Your assignment
Leaving out every picture, please repeat exactly the line that contains "Gun Club VR: SWAT (English Ver.)" and each line after it through the final line below.

Stored data
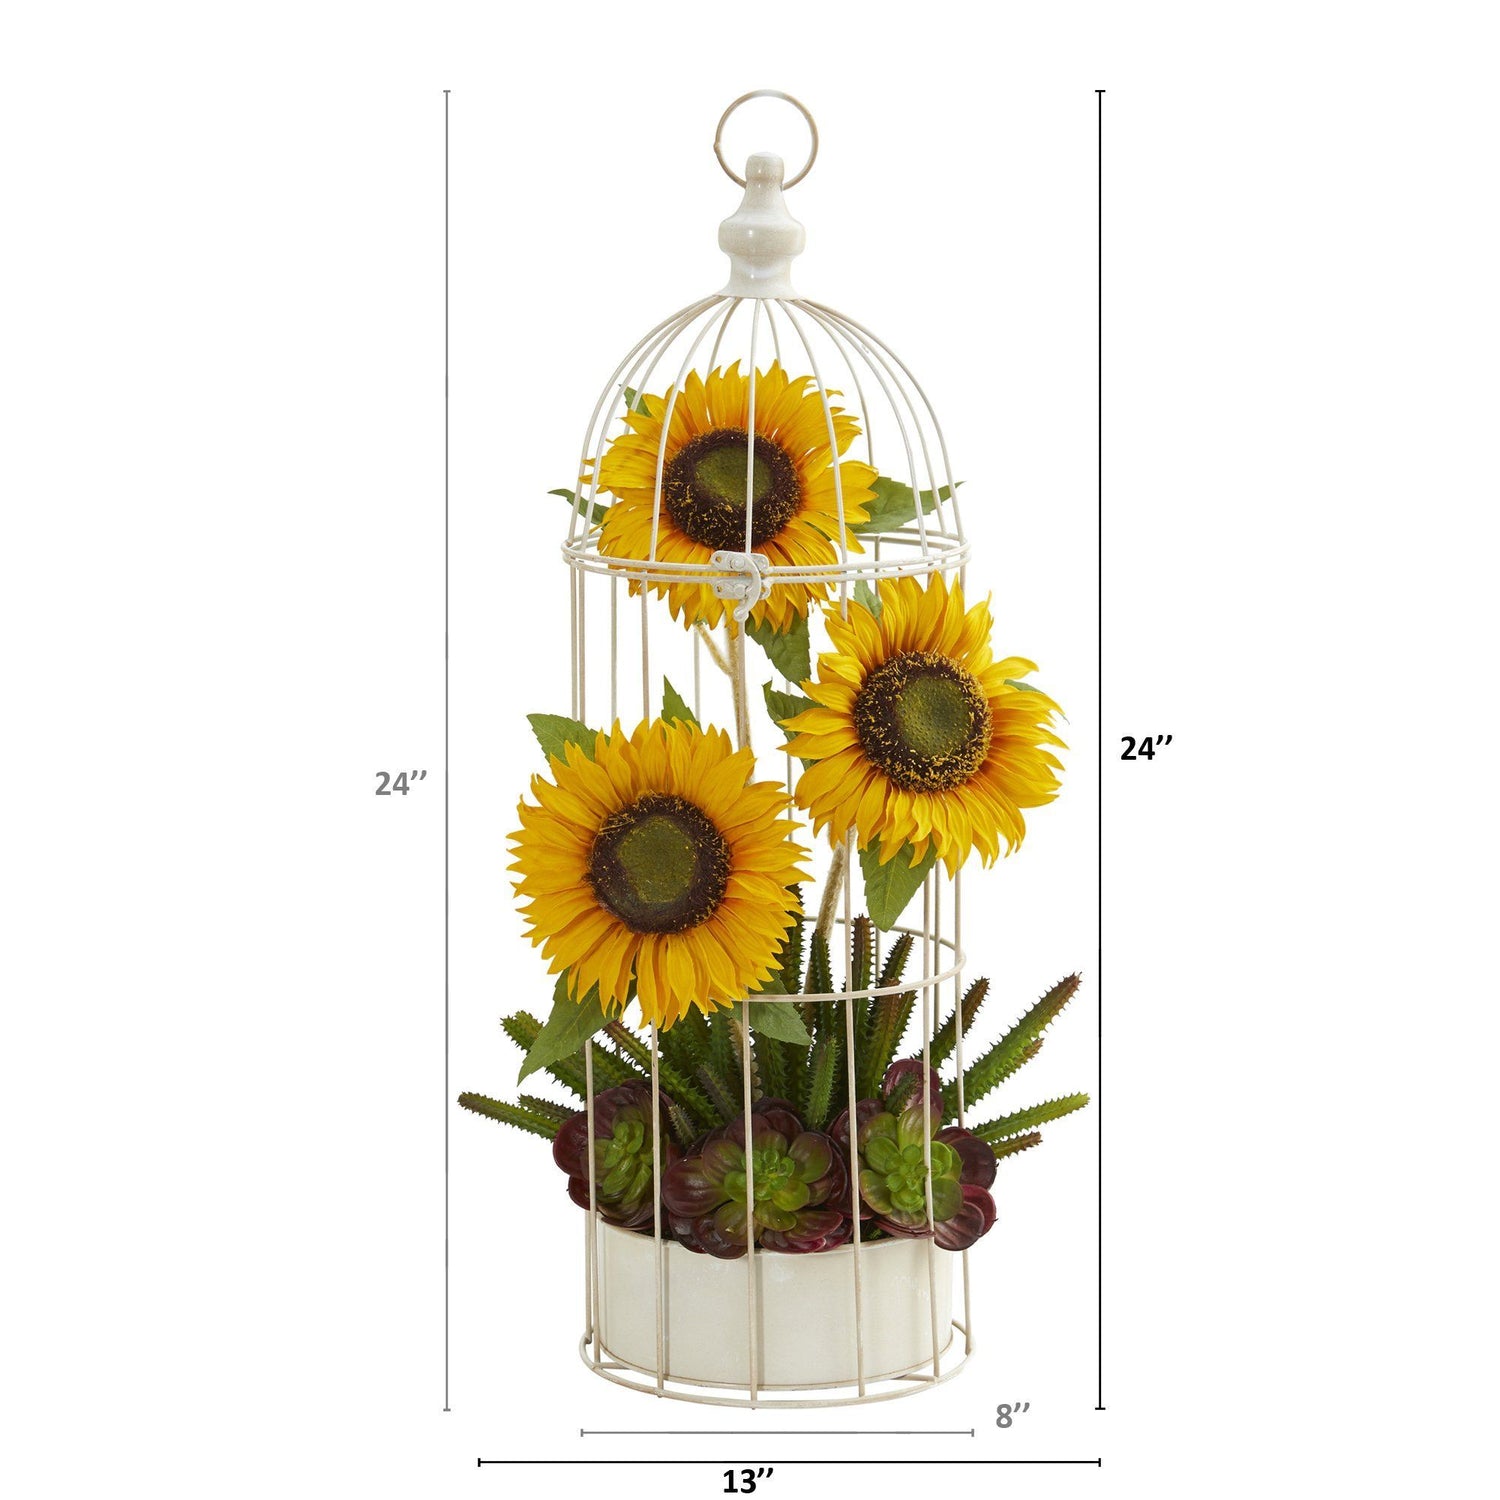 24” Sunflower, Cactus and Echeveria Artificial Arrangement in Decorative Cage
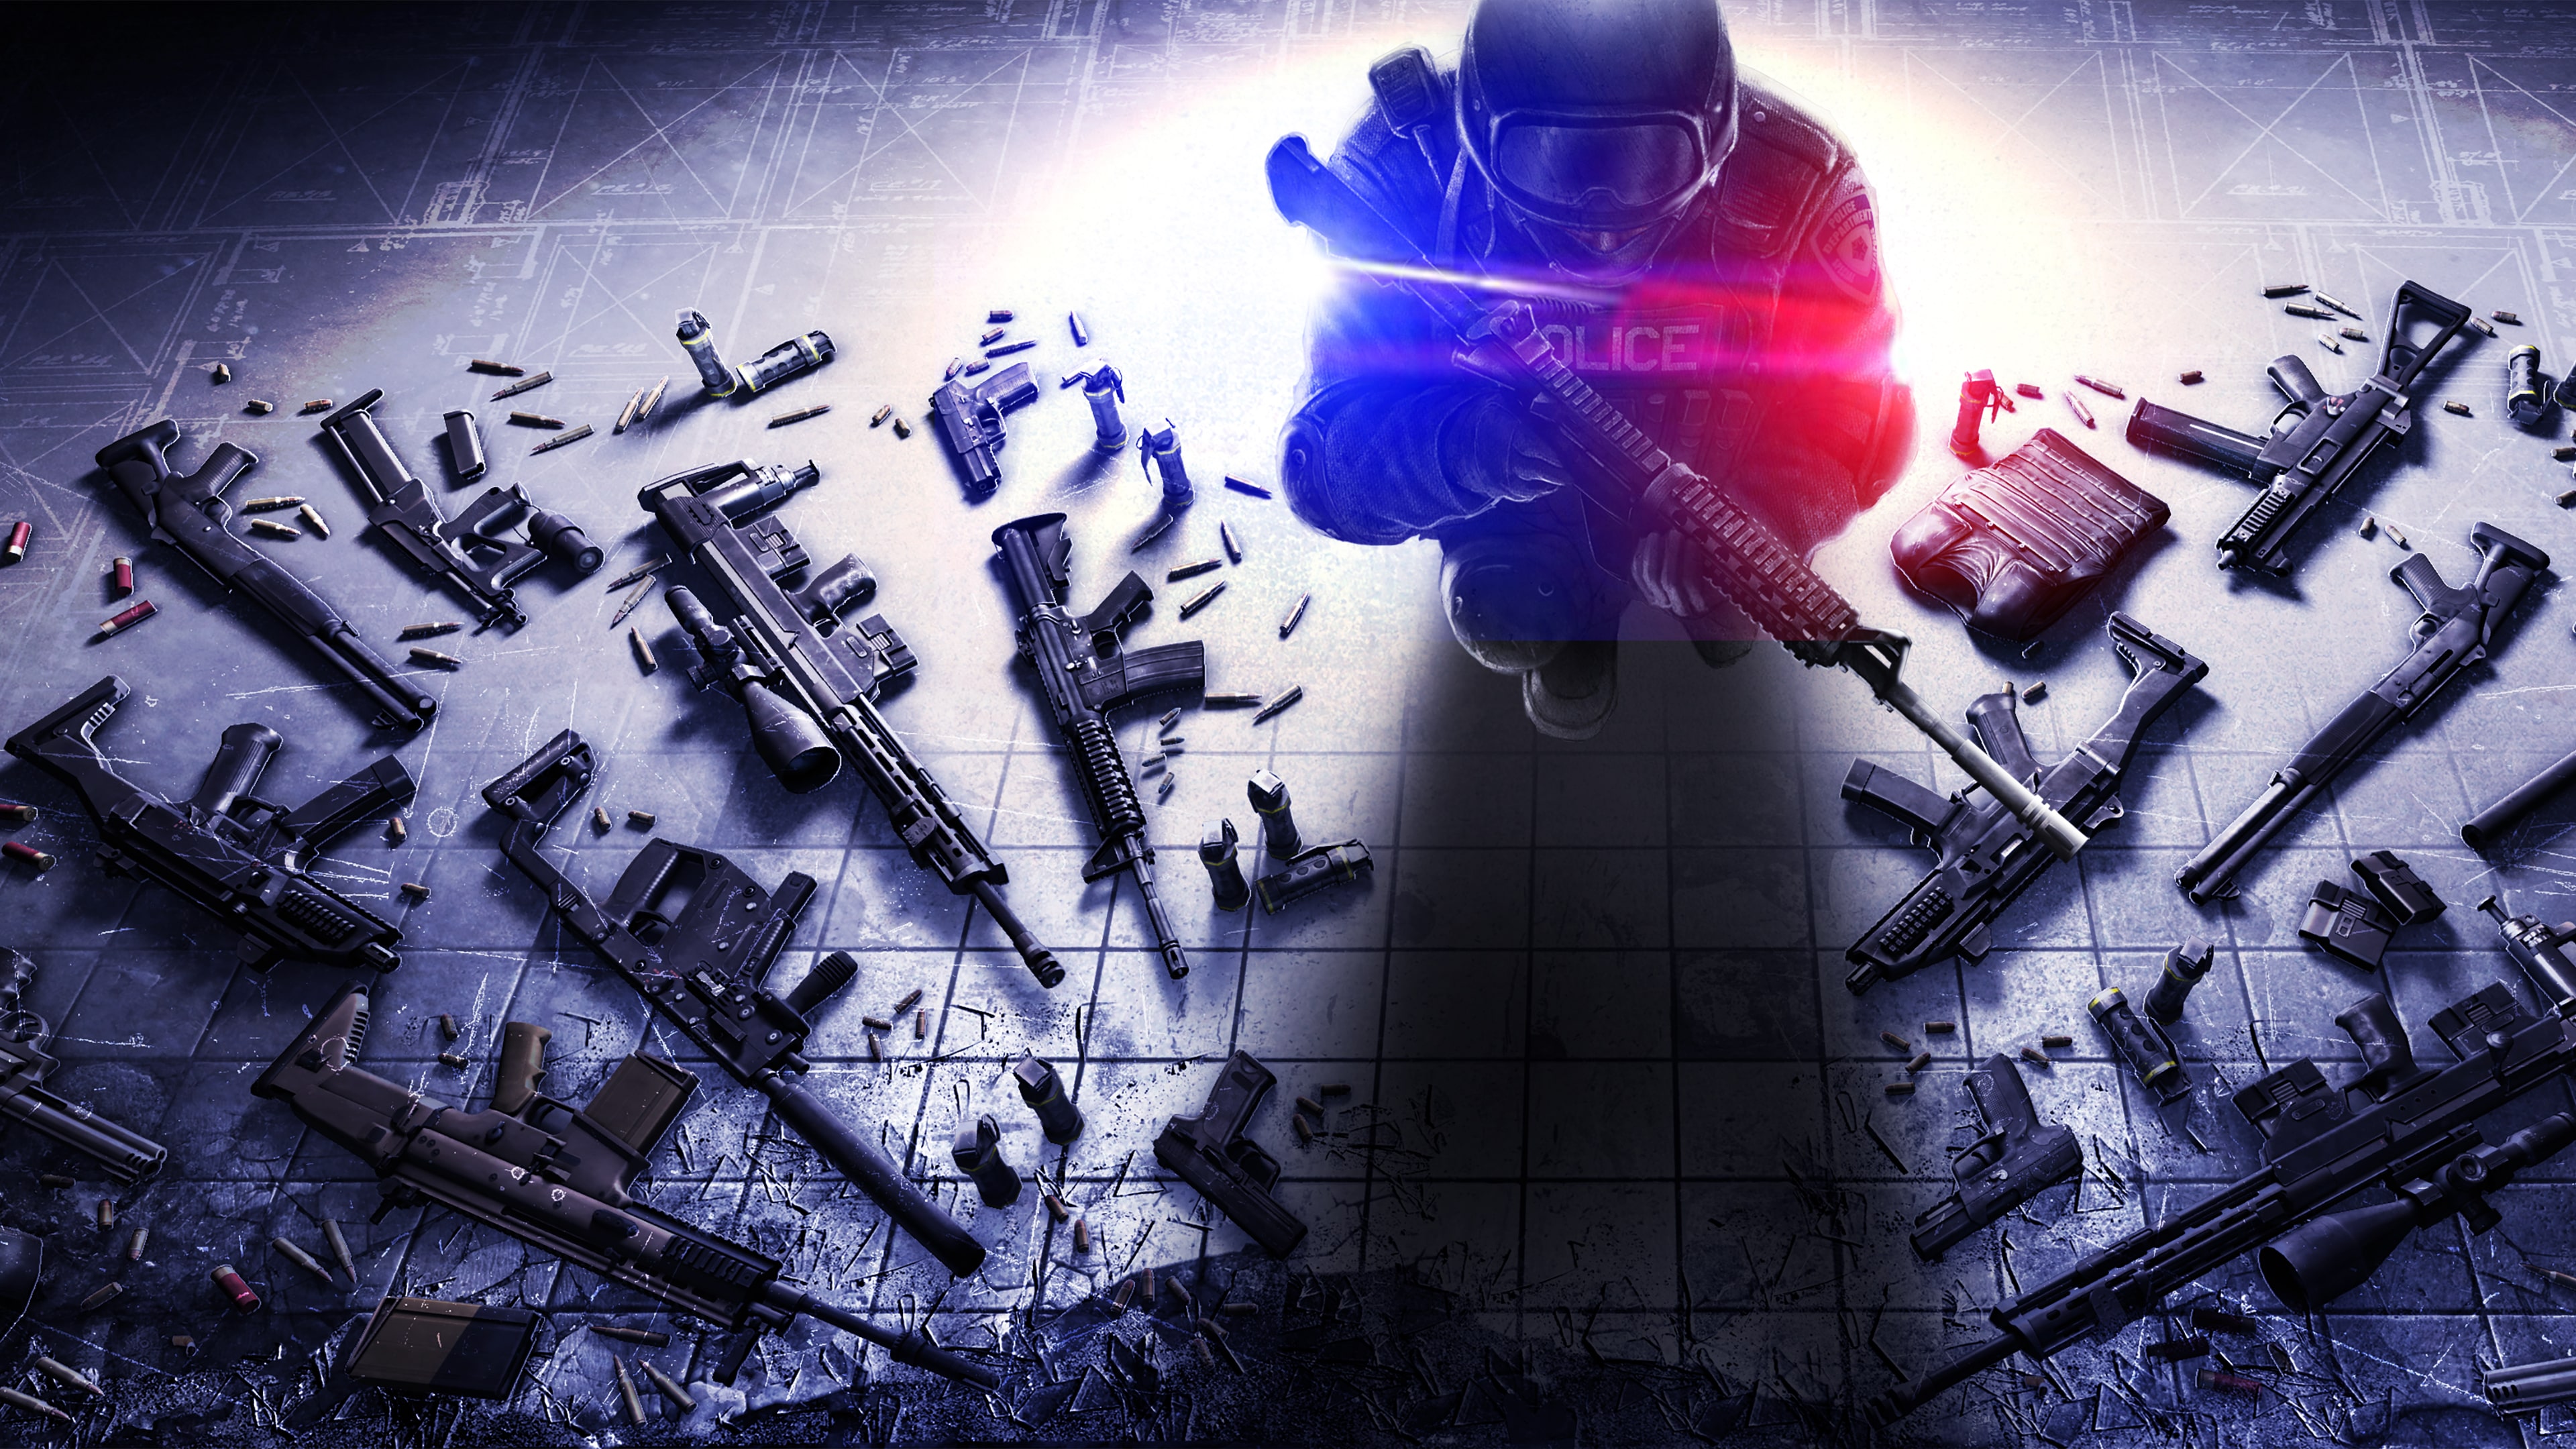 Gun Club VR: SWAT (English Ver.)
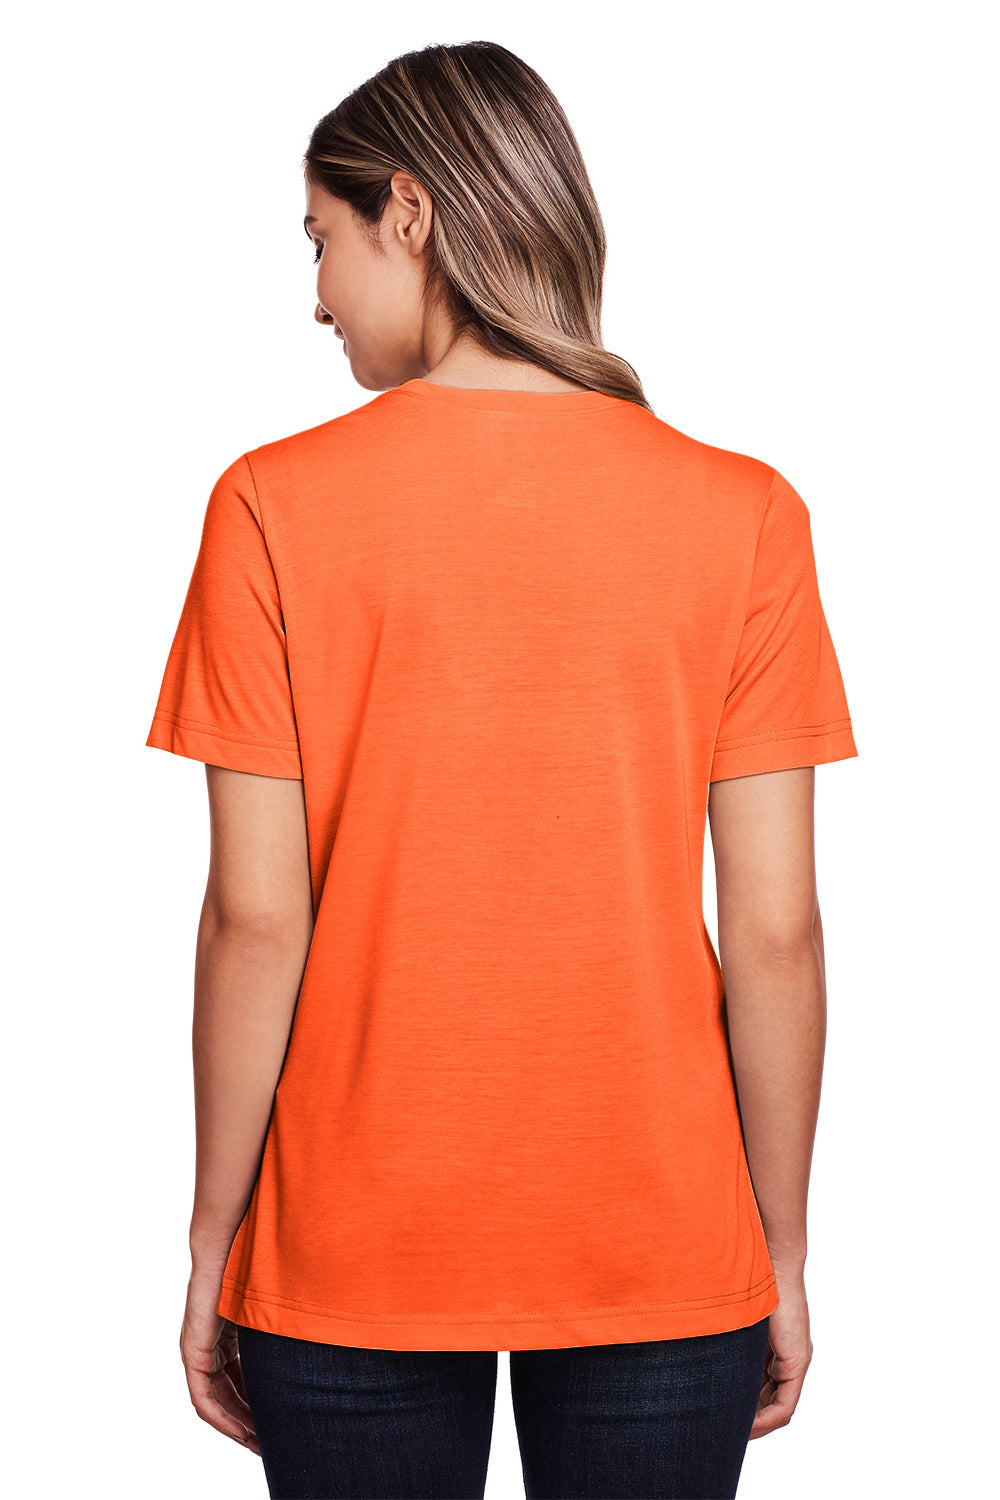 Core 365 CE111W Womens Fusion ChromaSoft Performance Moisture Wicking Short Sleeve Scoop Neck T-Shirt Orange Back

Task response
 Gun Club VR: SWAT (English Ver.)
 Core 365 CE111W Womens Fusion ChromaSoft Performance Moisture Wicking Short Sleeve Scoop Neck T-Shirt Orange Back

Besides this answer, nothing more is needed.